When I first came here, in March of this year, I really didn´t know much about Haiti. I knew of the situation, but I didn´t do much research into the politics, economy, government, etc. All of this is extremely fascinating, humbling, infuriating information, by the way. When I got here, I saw the people working on the sidewalks, selling mangoes or grapefruits on laid out sheets, squatting since they have no chairs. Drinking water from small plastic bags, then discarding onto the street when empty, joining the various other pieces of trash. Never did I seen a trash can or garbage truck. Kids running up to the windows begging for money, speaking a few words in Créole, French, English to appeal to as many of the passengers as possible. It´s hard to describe how contradictory Haiti is.
Haiti is a post-industrialized nation, meaning it had been industrialized, but has since collapsed, with the economy and government mostly to blame. In 1957, a president was democratically elected, then named himself president for life. While he was president, he morphed into an autocrat and a terrorist of his own people, and managed to scare away a large portion of the educated in Haiti. This caused further desolation of the Haitian people, since a majority could not read or write (even now, about 50% are illiterate). Doctors, teachers, and other highly trained professionals left in droves for kinder and safer countries, leaving Haiti without people to care for it. Papa Doc remained all-powerful until he died in 1971, then his airhead of a son becamse president and further messed up the country. In 1986, Baby Doc fled the country, like the coward without cojones that he was. The uprising of the people was enough to scare him off. This left Haiti without a government, without an economy, and with hardly any allies, thanks to the Duvalier devils.
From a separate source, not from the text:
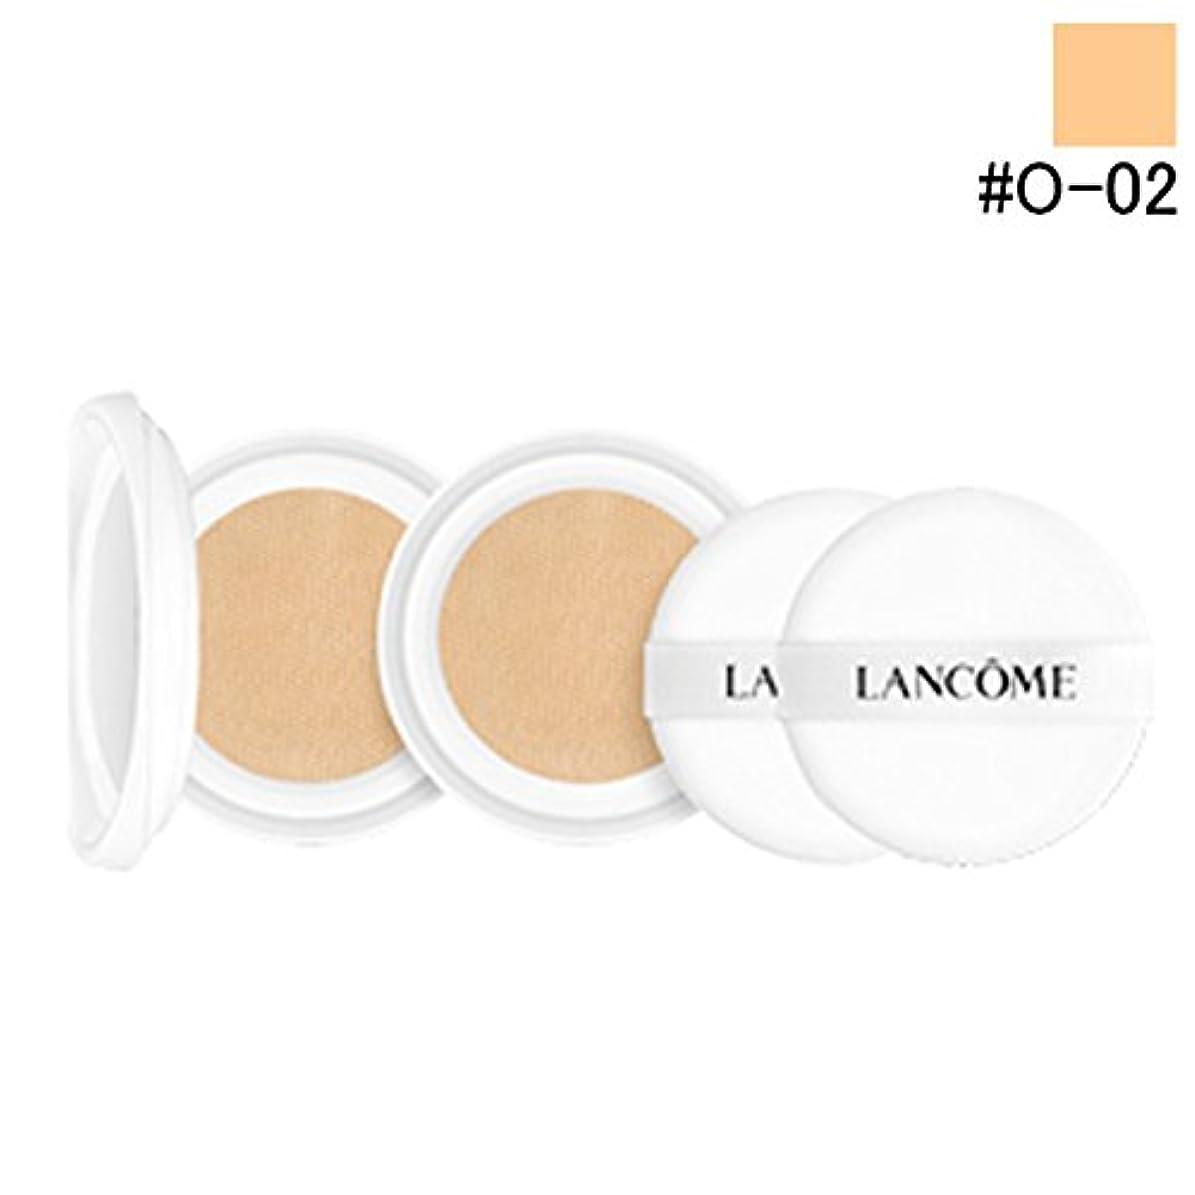 純粋な快い乳剤ランコム(LANCOME) ブラン エクスペール クッション コンパクト H (レフィル2個) #O-02 SPF50+/PA+++ 13gx2[並行輸入品]

Anyway, after that short history lessons, Haiti is now getting back on it´s feet, thanks to enormous help from the UN. The new president was elected democratically in 2006 and has been in power longer than most of the presidents here. The Haitian police are being trained by the UN as well, to make Haiti as self-sufficient as possible. Things here are slowly improving, and now the main objective is to teach the country how to manage itself. Haitians are wary of power, understandably so, of course, so suggestions have to be made carefully so relations do not become strained. The UN here are doing a fantastic job and I have had the provilege to talk to quite a few people in the UN and they seem very hopeful about Haiti´s progress, however slow it may be. Programs are being put in place to lower the rates of kidnapping, rape, murders, etc. and the Haitian police are slowly taking charge of these programs.
The streets of Port-au-Prince look the same as they did when I was here in March; I would have been incredibly surprised otherwise. Working in the clinic now, I see these people in the mornings, have consultations with them, clean wounds, sometimes give out food or milk, and pray for them. The people do not seem to be any better off, but you can see signs of progress...men driving motorcycles, taxiing people from here to there, making meager money, but any income is something here; women selling clothes; about a third of the population sells telephone cards to the rest; others set up small stands and sell soaps and medicines and napkins and a strange hodgepodge of various household supplies. There are yet other stores, proper buildings, for car parts, tailoring clothing, photocopying, and at least every five stores you see a Lesly Center, where you can get your gambling fix by buying a lotto ticket and playing the numbers from New York. Haiti seems so close to getting back on it´s feet, but it´s this last shove that is the hardest. Keep praying for this country.